Analysis of hSMVT-mediated uptake in oocytes. A, uptake of R,S-[3H]LA (1 Ci/mmol) in hSMVT-expressing oocytes (squares) or non-injected control oocytes (circles) in the presence of 100 mm NaCl (solid symbols) or choline chloride (open symbols). B, uptake ...

Functional Expression of hSMVT in P. pastoris

To facilitate the immunological detection of hSMVT in suitable expression systems and its subsequent purification, we introduced a FLAG epitope and a hexa-His tag at the C terminus of hSMVT (hereafter referred to as recombinant hSMVT). As determined with R-[3H]LA uptake studies, recombinant and unmodified hSMVT had virtually indistinguishable transport activity in oocytes (Fig. 3A) and can be immunologically detected with monoclonal anti-FLAG M2 IgG (Fig. 3B). Building on the availability of a fully functional recombinant hSMVT, we tested expression of hSMVT in P. pastoris, a eukaryotic host system that was previously successfully used for the expression of other mammalian (and human) recombinant membrane proteins (24). As judged by Western blot analysis using the anti-FLAG M2 IgG, inducing the expression of recombinant hSMVT from the methanol-inducible alcohol dehydrogenase promotor readily yielded full-length recombinant hSMVT in the plasma membrane of P. pastoris with a similar glycosylation pattern as that observed in oocytes (18). To confirm that the immunoreactive bands at ~65 and ~58 kDa corresponded to the differently glycosylated versions of hSMVT, we subjected the sample to peptidyl N-glycosidase F treatment. Complete peptidyl N-glycosidase F digestion of the detectable bands resulted in a single band, corresponding to non-glycosylated recombinant hSMVT, at ~55 kDa (Fig. 3C). In addition to the differently glycosylated forms of hSMVT at ~55, ~58, and ~65 kDa, we occasionally detected a faint immunoreactive band at ~40 kDa that may be a degradation product of recombinant hSMVT containing the C-terminal FLAG epitope. Recombinant hSMVT was purified by anti-FLAG immune affinity chromatography (25) after extracting the protein with DDM (Fig. 3D).

FIGURE 3.
Purification of recombinant hSMVT produced in P. pastoris. A, time course of 1.66 μm R-[3H]LA (4 Ci/mmol) uptake by oocytes injected with mRNA encoding the native (■) or recombinant (FLAG epitope and His tag-containing) ([down-pointing small open triangle]) hSMVT ...

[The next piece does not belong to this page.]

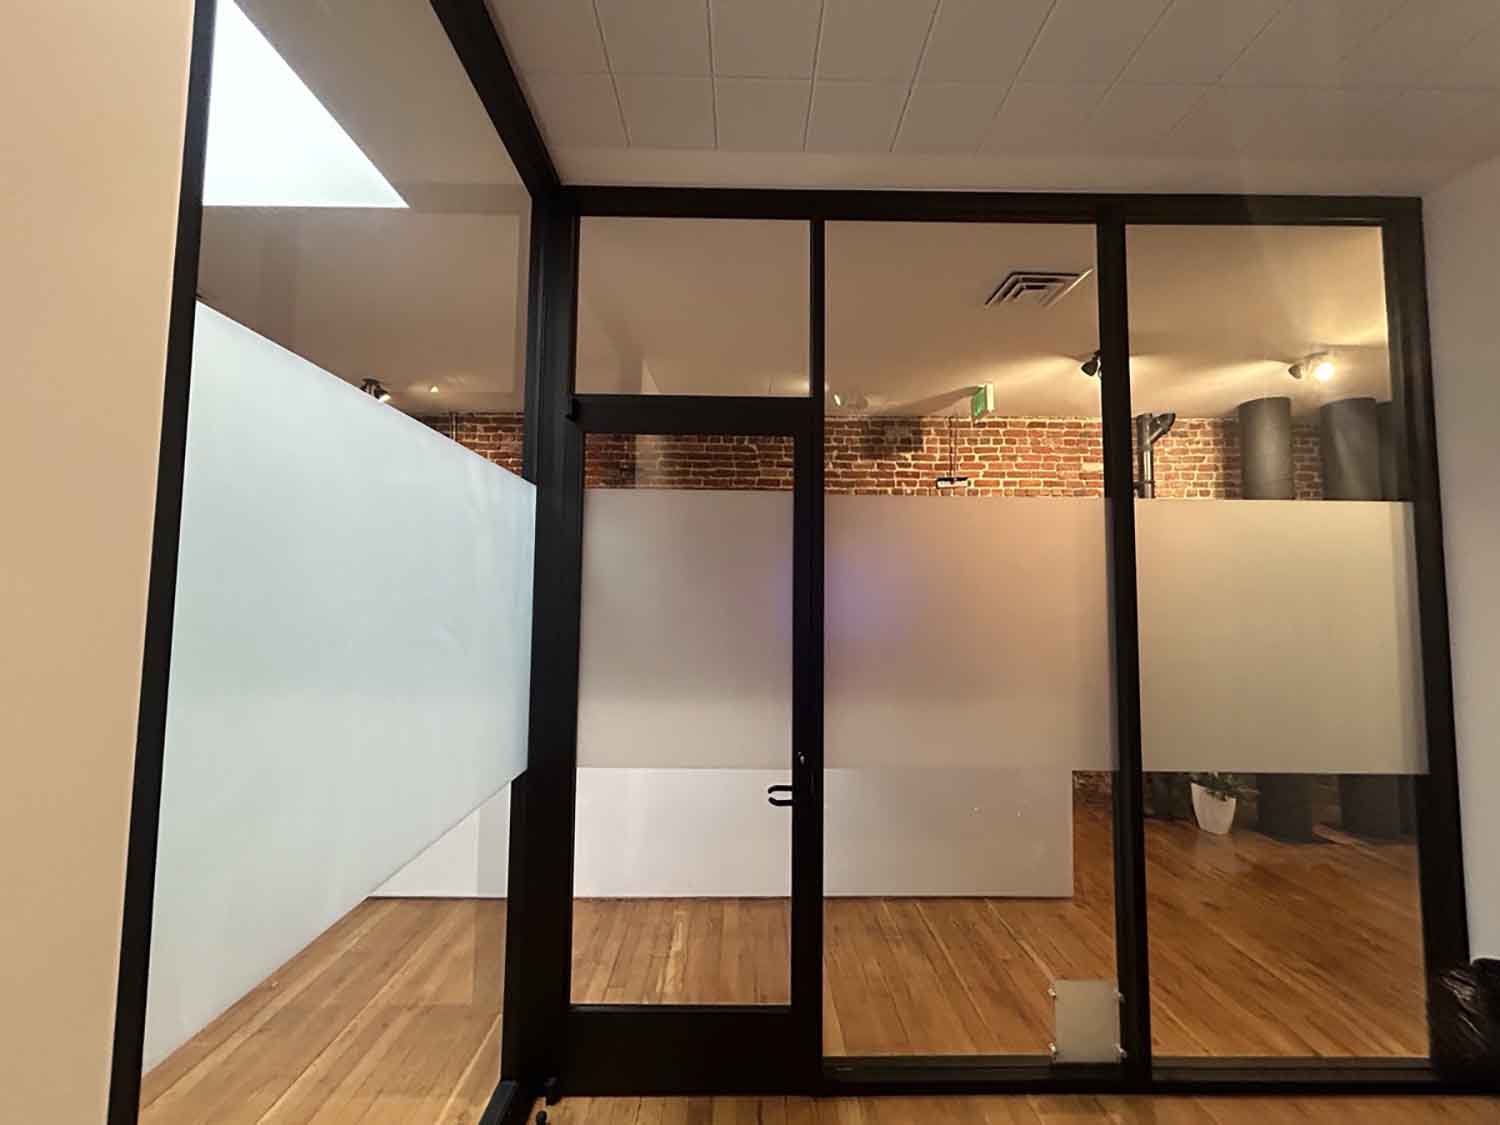 How To Get Frosted Privacy Window Film For Your San Francisco Office. Get a free estimate from ClimatePro.

Interaction of LA with Purified Recombinant hSMVT

To test the activity of purified hSMVT in detergent-solubilized form, we assessed binding of R-[3H]LA with the scintillation proximity assay (Fig. 4). In this assay, purified recombinant hSMVT was immobilized on copper-coated scintillation beads (using the hexa-His tag in recombinant hSMVT) that emit light only when a radioactive ligand stably binds to the immobilized target protein (26). 0.83 μm R-[3H]LA yielded a robust specific SPA signal when 50 ng (about 0.73 pmol) of purified hSMVT was used per assay (Fig. 4A). Performing the assay in the absence of NaCl yielded a signal that was indistinguishable from the non-proximity (background) signal obtained in the presence of imidazole that competes with the hexa-His-tagged protein for binding to the copper-coated SPA beads, indicative of the strict Na+ dependence of the interaction of LA with hSMVT and extending previous direct and indirect studies on the Na+ requirement for hSMVT activity (Fig. 4A).

FIGURE 4.
Interaction of R-LA with purified hSMVT. Binding of R-[3H]LA to 50 ng of purified hSMVT was measured with the SPA by immobilizing recombinant hSMVT via the engineered His tag to copper-coated yttrium silicate SPA beads. A, binding of 0.83 μm ...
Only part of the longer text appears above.